Cindy Martin and her mom, Judith, met Chaplain Cindy Simpson in 2021, two days after Judith moved into Someren Glen. Judith told Chaplain Cindy she probably wouldn’t attend community chapel services. Chaplain Cindy reassured Judith and Cindy that she was there to offer whatever they might need, whether that was spiritual guidance or a listening ear. “I thought that was really nice,” Cindy recalls.

Last December, Judith and her family learned that her lung cancer had returned. She was expected to only have six months to live. It was a difficult and overwhelming moment for Cindy, her brother Jeff, and Judith. Chaplain Cindy stepped in right away to support them in whatever way they needed. “Through the whole process, she was the one that communicated with us and facilitated communicating with the other staff,” Cindy shared, including Judith’s new hospice team. Whenever they had a question, Chaplain Cindy would find the answer or the right person to connect them with.

CLC Chaplain Program

It made a big difference for her family. “We felt like we could share things with her. The whole thing was hard, and it was good to be able to go in and talk with her and just be more honest with my feelings.”

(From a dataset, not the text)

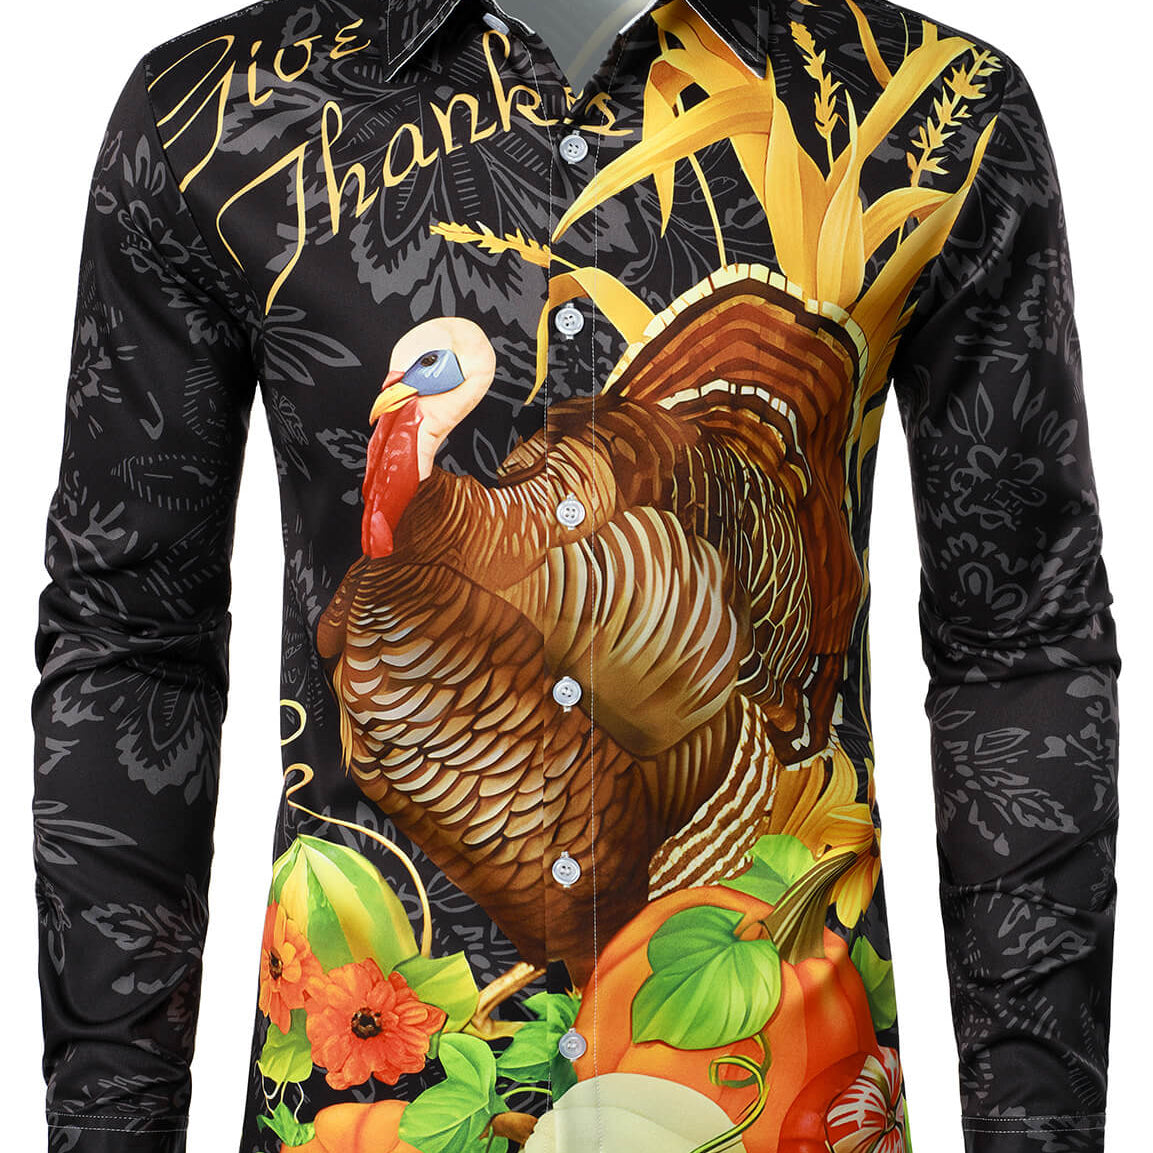 Men's Turkey Thanksgiving Fall Festival Pumpkin Holiday Button Up Long Sleeve Shirt

Having a trusted person made a difference for Judith, too.  There was a kind chaplain with the hospice team who also checked in on her. “But Cindy knew her more. It was nice to know that person had been with my mom the entire time she’d lived at Someren Glen. I think my mom felt like she could be honest with her.”

Judith passed away this October. Chaplain Cindy was still there for Cindy and her brother Jeff, offering condolences, a listening ear, and letting them know that she was available for support. She worked with them to arrange a celebration of life service at Someren Glen, which had been part of Judith’s last wishes. “It was such a lovely experience,” Cindy shared. “There was a full house in that community room.” The team at Someren Glen even arranged to have the service taped, so that the family could share it with Judith’s brother who lives in a skilled nursing community in Steamboat Springs.

Cindy and her family are so grateful for the support they got from the entire team at Someren Glen, but especially from Chaplain Cindy. She hopes that other families and residents know what a CLC Chaplain is: “A safe person, a safe place, to share their feelings and what their needs are. Not to think that nobody wants to listen to them. There is somebody there that will do that.”

 

About the Author

Stormie Foust Maley

Stormie Foust Maley, Annual Giving Manager, is a born Midwesterner and Certified Eden Alternative Educator who believes passionately that individuals can make a difference in the lives of others. She worked for nine and a half years at Dayspring Villa Assisted Living, a neighborhood of Christian Living Communities, prior to her role as Annual Giving Manager. There she learned firsthand the joy of building a purposeful and resilient community through a person-directed care mindset.